Tenant Fees Act: What you need to know
The Tenant Fees Act will come into play in England on 1st June 2019 and will stop landlords and agencies from charging extra fees on top of what is actually required. This change in rental law means that, for those living in assured shorthold tenancies, student accommodation or as a lodger, there will be a set list of tenant fees that agencies and landlords can ask for leading up to and during the tenancy. To find out if this applies to you, check out our blog post on the different types of tenancy agreement.
What tenant fees are landlords and agencies still allowed to ask for?
Landlords and agencies are still allowed to ask for:
- Rent payments
- A refundable tenancy deposit - however, this can not equal more than 5 weeks rent if the total annual rent is less than £50,000 or 6 weeks rent if it is more than £50,000 - If a tenant has a pet, no extra deposit can be required
- A refundable holding deposit - this can be up to one week’s rent, regardless of the annual rent cost
- Payments required to change the tenancy (if this is at the tenant’s request) up to £50 or reasonable costs incurred
- Payments for utilities, communication services, TV licence and council tax if any of these are stated in the tenancy
- Default fees for late rent payments or to replace a lost key/security device used to gain access to the property (where required by the tenancy agreement)
Although the government is able to amend the tenant fees that landlords and agencies can ask for, they will never stop rent fees from being required.
Please note: where agencies and landlords are both involved with a tenancy, only one party is able to ask for each type of fee.

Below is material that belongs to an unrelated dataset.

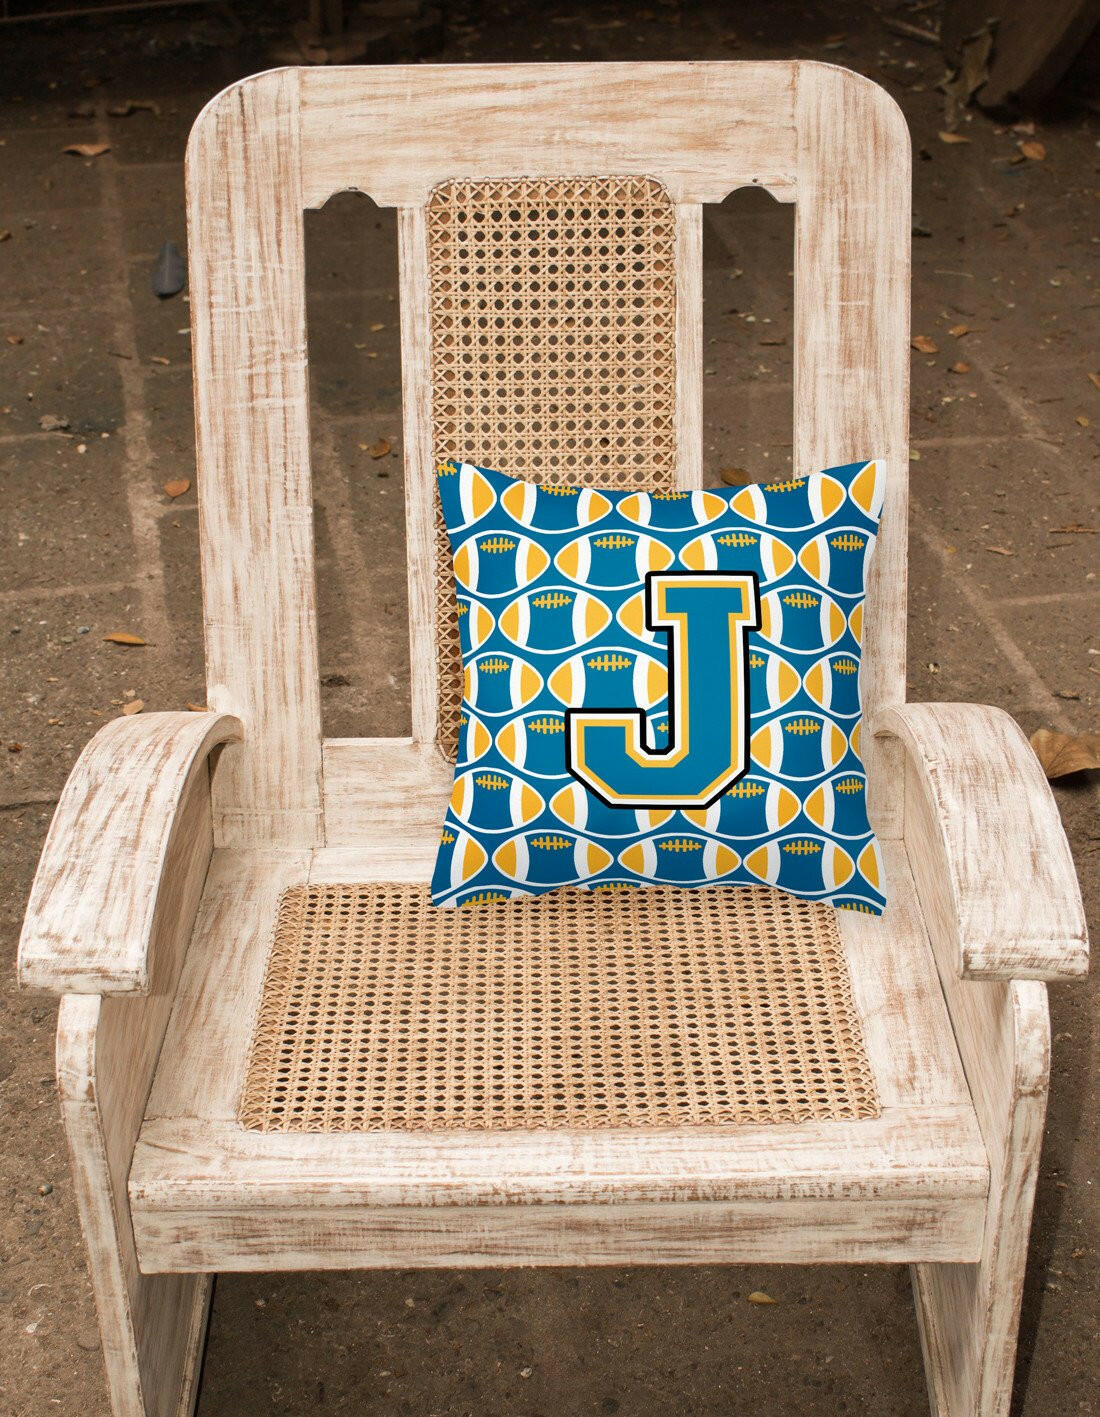 Letter J Football Blue and Gold Fabric Decorative Pillow CJ1077-JPW1414 by Caroline's Treasures

What are the consequences of asking for unlawful fees?
Any fee required by an agency or landlord that isn’t on the above list is not permitted. Breaches of the ban will be dealt with Trading Standards authorities, however local councils are also able to enforce this new addition to rental law.
- A first breach of the ban will be classed as a civil offence and can lead to a fine of up to £5,000.
- Another breach within 5 years of the first/most recent offence will be classed as a criminal offence, for which there is an unlimited fine. - Some authorities may choose to impose a £30,000 fine instead of a criminal conviction.
- Refusing to repay a holding deposit is classed as a civil offence and would therefore be subject to a £5,000 fine.
- The landlord will be unable to evict the tenant under Section 21 if there are any outstanding unlawful fees that are still owed to the tenant.
What can tenants do if they think their landlord/agency has breached the Tenant Fees Act?
Following this change in rental law, a landlord or agent is breaching the Act any time they ask for a prohibited fee. If you believe that your landlord or agent has breached the Tenant Fees Act, you can contact Trading Standards, your local council, the First-Tier tribunal or apply to the relevant redress scheme. The only type of claim that may lead to a fee is one to the First-Tier tribunal.
Make sure you keep copies of any evidence that proves that you have been asked for prohibited fees by your landlord or agent, as well as any copies of proof of payments you have thus made. This includes:
- Pre-tenancy or tenancy agreements
- Any other paperwork that may be relevant
- Invoices and receipts
- Bank statements
- Any correspondence with your landlord and/or agent (e.g. emails, letters, text messages as well as any notes made shortly after phone conversations with them.
If your landlord or agent requests a prohibited fee, you should not pay it. If they continue to demand the fee, make sure you get a written copy of this to use as proof.
Although the introduction of the Tenant Fees Act may seem like an automatic win for tenants and a lose for landlords/agents, experts have predicted that rent prices may increase slightly because it. However, tenants will have a much better idea of how much they’ll be asked to pay and won’t be hit with any high, last-minute fees.